Posted/updated on: October 28, 2024 at 3:33 pm


HOUSTON – The Houston Chronicle reports that a Katy ISD proposal to institute a new training on how teachers should discuss “sensitive issues” with students ignited a heated and lengthy debate over critical race theory at a board meeting Monday. The proposed new training was sparked by one teacher’s use of an excerpt from a book about a Native American boy. Board members who want to implement the training said the book is designed to make white students feel bad about being white. Opposing board members accused others of “micromanaging” teachers and argued the book is simply a story told from the perspective of a Native American child and not critical race theory.

Sherman Alexie’s 2007 book, “The Absolutely True Diary of a Part-Time Indian” follows the experiences of a Native American high school student navigating a predominantly white school.

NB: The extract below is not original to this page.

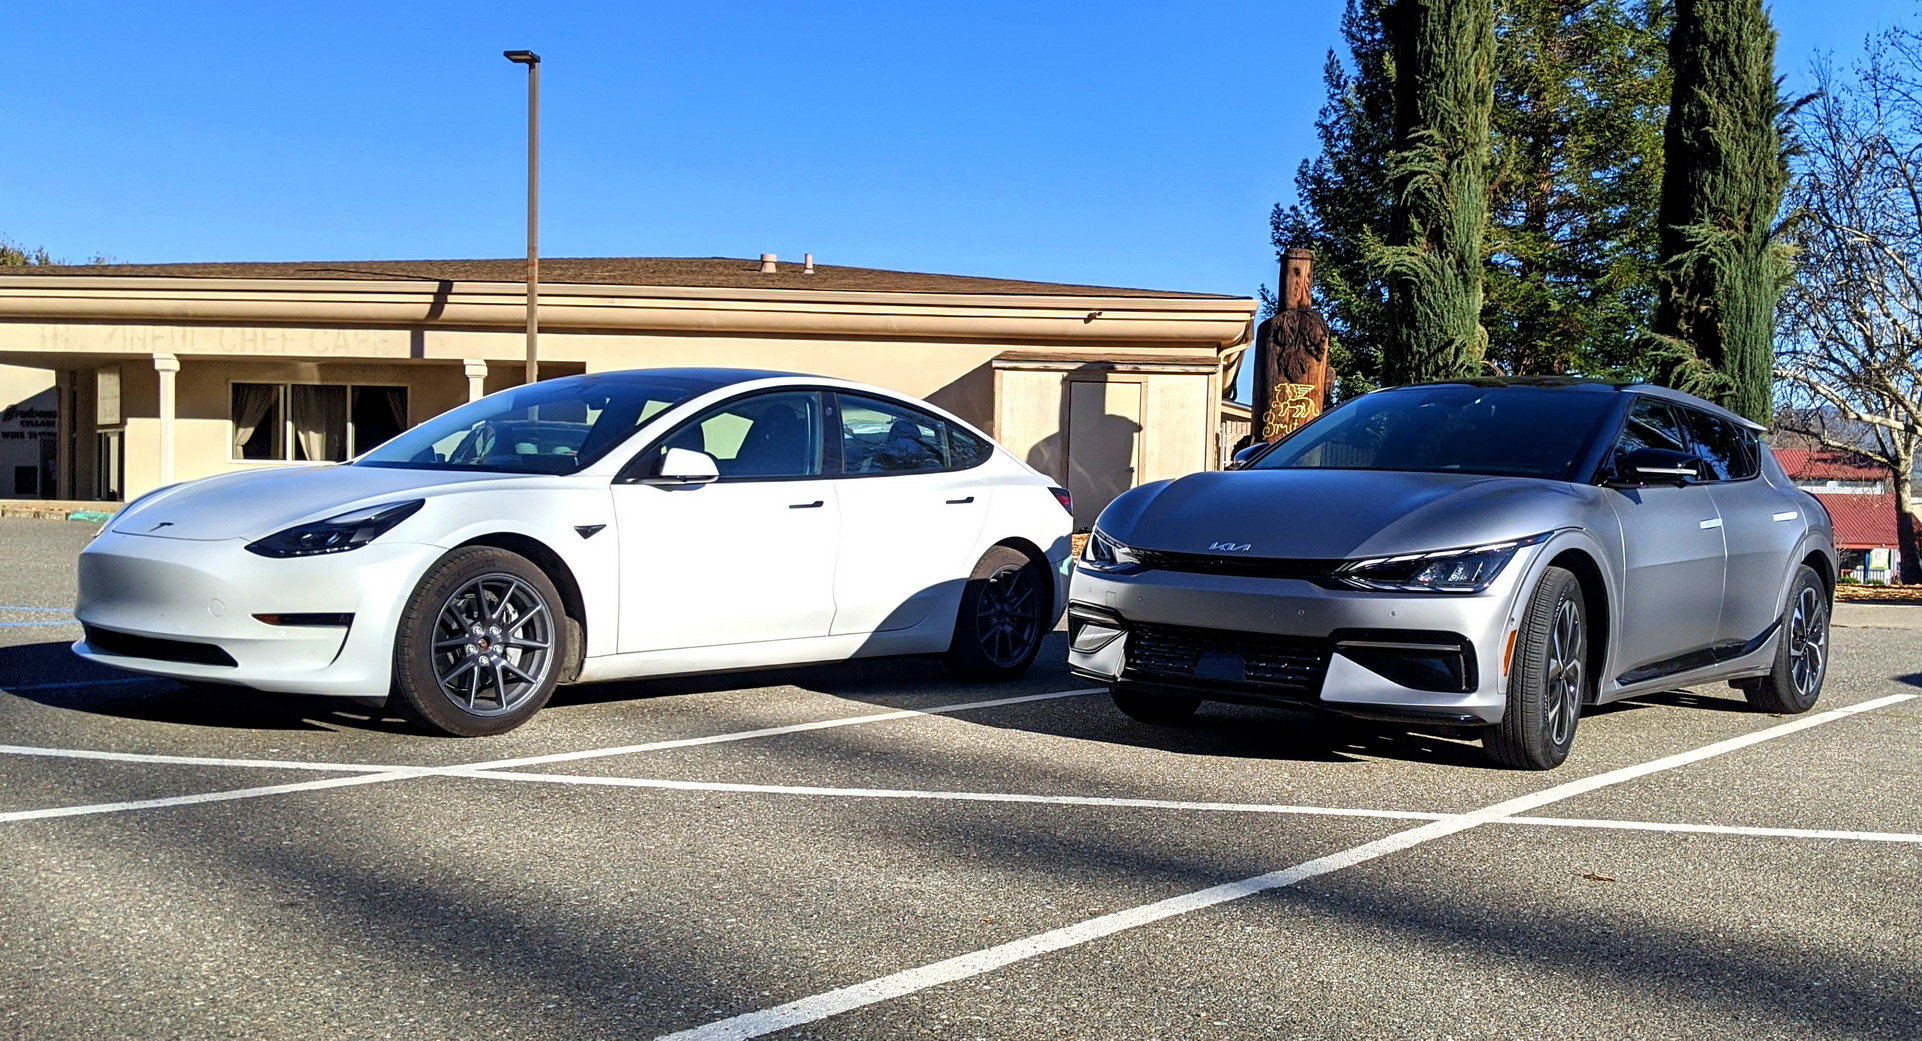 Check Out The New Kia EV6 Next To A Tesla Model 3 And See How They

The novel “tells the story of Junior, a budding cartoonist growing up on the Spokane Indian Reservation,” according to Little, Brown Books for Young Readers, the book’s publisher. “Determined to take his future into his own hands, Junior leaves his troubled school on the rez to attend an all-white farm town high school where the only other Indian is the school mascot.” The book in its entirety was not taught in a Katy ISD classroom. Instruction was one chapter that addressed the character’s concern for his physical size compared to that of his white peers. The new training is designed to make sure teachers are aware of how to “provide guidance in alignment to board policy,” said Sanee Bell, assistant superintendent for teaching and learning.